Assignment: Below are lines of data; restate word for word those running from the line containing "Clear Trophy Sunglasses" to the line containing "Common diabetes treatments: glucose", inclusive, and no others.

Records supplied:
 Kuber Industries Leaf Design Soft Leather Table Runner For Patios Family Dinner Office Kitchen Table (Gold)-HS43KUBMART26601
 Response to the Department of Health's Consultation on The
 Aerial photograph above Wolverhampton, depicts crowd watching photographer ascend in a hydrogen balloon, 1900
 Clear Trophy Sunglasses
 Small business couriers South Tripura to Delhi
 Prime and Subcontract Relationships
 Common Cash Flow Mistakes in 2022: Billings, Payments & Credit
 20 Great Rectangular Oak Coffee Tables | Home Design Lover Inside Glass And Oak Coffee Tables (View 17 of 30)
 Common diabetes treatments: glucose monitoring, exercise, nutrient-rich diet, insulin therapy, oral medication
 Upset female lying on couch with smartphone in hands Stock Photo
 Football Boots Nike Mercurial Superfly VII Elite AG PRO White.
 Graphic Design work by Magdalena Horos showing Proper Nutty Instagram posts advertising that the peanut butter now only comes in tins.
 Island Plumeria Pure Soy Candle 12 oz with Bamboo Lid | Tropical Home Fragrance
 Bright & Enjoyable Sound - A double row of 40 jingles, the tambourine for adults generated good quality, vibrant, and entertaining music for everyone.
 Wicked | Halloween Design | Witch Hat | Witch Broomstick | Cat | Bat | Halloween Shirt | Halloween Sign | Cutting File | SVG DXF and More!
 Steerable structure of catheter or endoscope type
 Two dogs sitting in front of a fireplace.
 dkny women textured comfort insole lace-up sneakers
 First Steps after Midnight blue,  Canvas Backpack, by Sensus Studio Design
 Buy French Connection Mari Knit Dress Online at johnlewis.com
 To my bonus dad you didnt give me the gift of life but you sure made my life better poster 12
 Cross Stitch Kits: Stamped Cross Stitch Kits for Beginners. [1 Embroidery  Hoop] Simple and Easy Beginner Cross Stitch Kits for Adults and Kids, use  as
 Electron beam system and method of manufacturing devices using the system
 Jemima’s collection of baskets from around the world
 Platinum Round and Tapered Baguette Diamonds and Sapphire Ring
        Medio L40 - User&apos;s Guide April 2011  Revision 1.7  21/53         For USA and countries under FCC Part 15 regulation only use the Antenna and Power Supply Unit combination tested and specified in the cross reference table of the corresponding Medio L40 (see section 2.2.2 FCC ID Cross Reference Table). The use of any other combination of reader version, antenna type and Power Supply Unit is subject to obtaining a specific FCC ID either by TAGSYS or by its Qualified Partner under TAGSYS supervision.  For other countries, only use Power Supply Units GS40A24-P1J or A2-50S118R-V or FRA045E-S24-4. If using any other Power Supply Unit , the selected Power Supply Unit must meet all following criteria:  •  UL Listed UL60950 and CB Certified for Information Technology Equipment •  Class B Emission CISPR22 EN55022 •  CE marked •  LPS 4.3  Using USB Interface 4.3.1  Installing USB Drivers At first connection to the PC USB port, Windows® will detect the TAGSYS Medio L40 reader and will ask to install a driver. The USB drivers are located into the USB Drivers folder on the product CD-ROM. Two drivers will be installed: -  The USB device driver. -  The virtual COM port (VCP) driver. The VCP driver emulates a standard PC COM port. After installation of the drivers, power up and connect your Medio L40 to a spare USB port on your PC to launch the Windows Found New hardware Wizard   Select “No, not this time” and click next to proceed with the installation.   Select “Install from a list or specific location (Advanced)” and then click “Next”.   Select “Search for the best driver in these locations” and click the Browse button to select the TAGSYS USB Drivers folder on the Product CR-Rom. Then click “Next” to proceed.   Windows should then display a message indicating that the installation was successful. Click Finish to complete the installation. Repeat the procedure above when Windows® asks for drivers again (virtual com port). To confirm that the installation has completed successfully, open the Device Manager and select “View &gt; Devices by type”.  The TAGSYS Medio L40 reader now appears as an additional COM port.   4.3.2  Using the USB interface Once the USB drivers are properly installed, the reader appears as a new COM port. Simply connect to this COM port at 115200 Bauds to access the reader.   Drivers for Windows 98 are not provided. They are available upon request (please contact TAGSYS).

Solution to the problem:
 Clear Trophy Sunglasses
 Small business couriers South Tripura to Delhi
 Prime and Subcontract Relationships
 Common Cash Flow Mistakes in 2022: Billings, Payments & Credit
 20 Great Rectangular Oak Coffee Tables | Home Design Lover Inside Glass And Oak Coffee Tables (View 17 of 30)
 Common diabetes treatments: glucose monitoring, exercise, nutrient-rich diet, insulin therapy, oral medication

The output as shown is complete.